Me, my nephew and the warty pigs!

Then we went to see the big cats but before that we saw an opportunity to feed the arapaimas with chicken heads for only P20! We took the challenge and I panicked when I saw how it was like to have more than ten arapaimas jumping out of the water to get to the food! I forgot that these fish jump out of the Amazon River to catch birds and small monkeys in the canopies when the river overflows. Then we saw, or rather awakened, a lion, saw Bengal Red and White Tigers, Puma or Cougar, Clouded Leopard and a Malaysian Sun Bear. I know he is a bit out of place but do you know that Sun Bears are victimized by the traditional Chinese medicine trade which considers their bile medicinal? The poachers attach plastic tubes to the bear’s insides to draw out the bile while the bear is still living! Efforts are being made to stop this heinous crime to animals!

Elegance!

Then we went to see the small and big primates : lorises, marmosets, macaques (there is a white one who was alone in the cage who masturbated in front of us – oh, what sadness can do to one’s sanity!) and orang-utans! The big primate spat at the noisy onlookers and they all laughed. I wanted to tell them that the reason he spat was because he was irritated of them! So move on!

The naughty white guy!

Then off we go to the reptiles: numerous crocodiles, alligators and gharials. Gharials are smaller crocodilians with elongated snout perfect for hunting fish and small invertebrates. They are not known to attack humans but they fall prey to habitat destruction.

Next stop were the birds!
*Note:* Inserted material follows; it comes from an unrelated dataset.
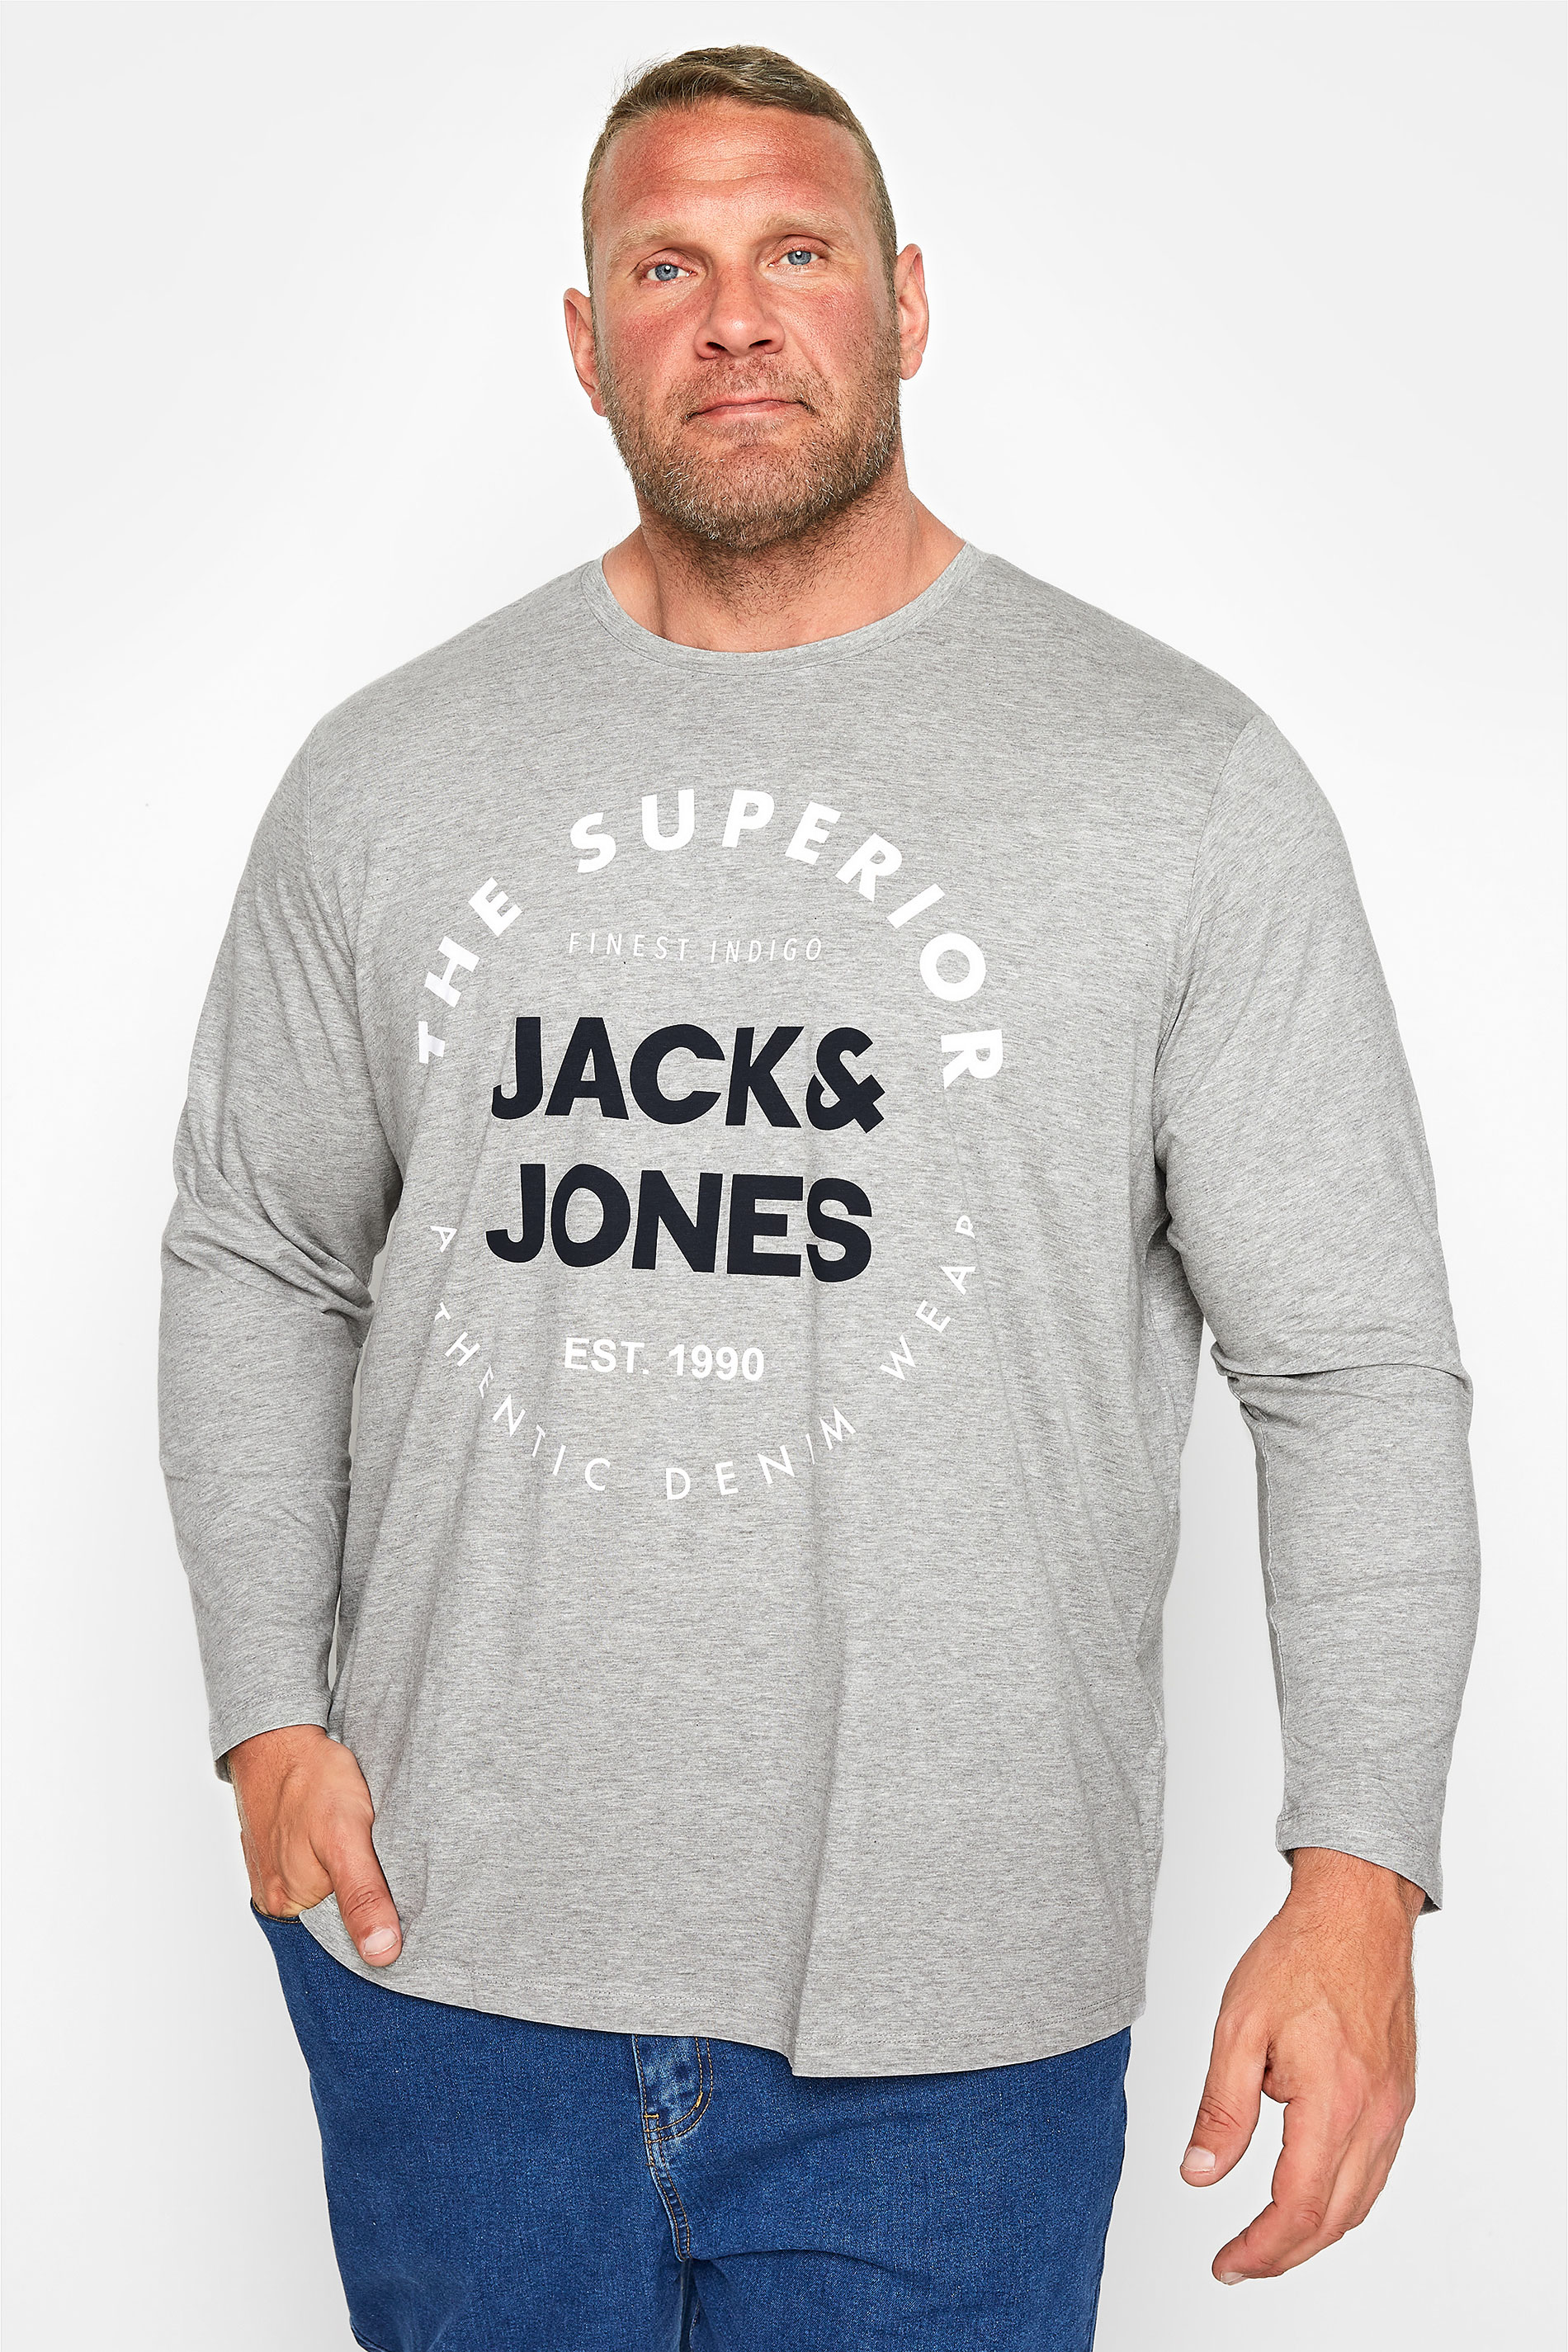 JACK & JONES Grey Herro Long Sleeve T-Shirt_M.jpg

Well, you know how I love big birds with beautiful behinds (and you know what I mean *wink*) and the exhibit did not disappoint me, from the ultra colorful peacocks to the lesser colored finches, to the noisy sun conures to the laughing thrushes, from the big-beaked hornbills to the scary falcons.

Can't wait to get my hands on that ass!

There was a never a pungent smell of feces in the air and we saw a lot of zoo staff cleaning cages, changing the food bowls, hosing down plants and showering the birds with water. There are also satellite snack bars inside the zoo perfect for sudden thirst. I particularly like the benches in front of the birds’ cages inviting the patrons to sit down and listen to songs of nature. The restrooms, available around the property, were also clean.

Soon the tour was over; we got home, took a quick shower (for Tessa and Sam would soon become too curious with all the animal smell we took home) and simply were very happy with our latest zoo trip!

Now, that monkey got me thinking of my family tree!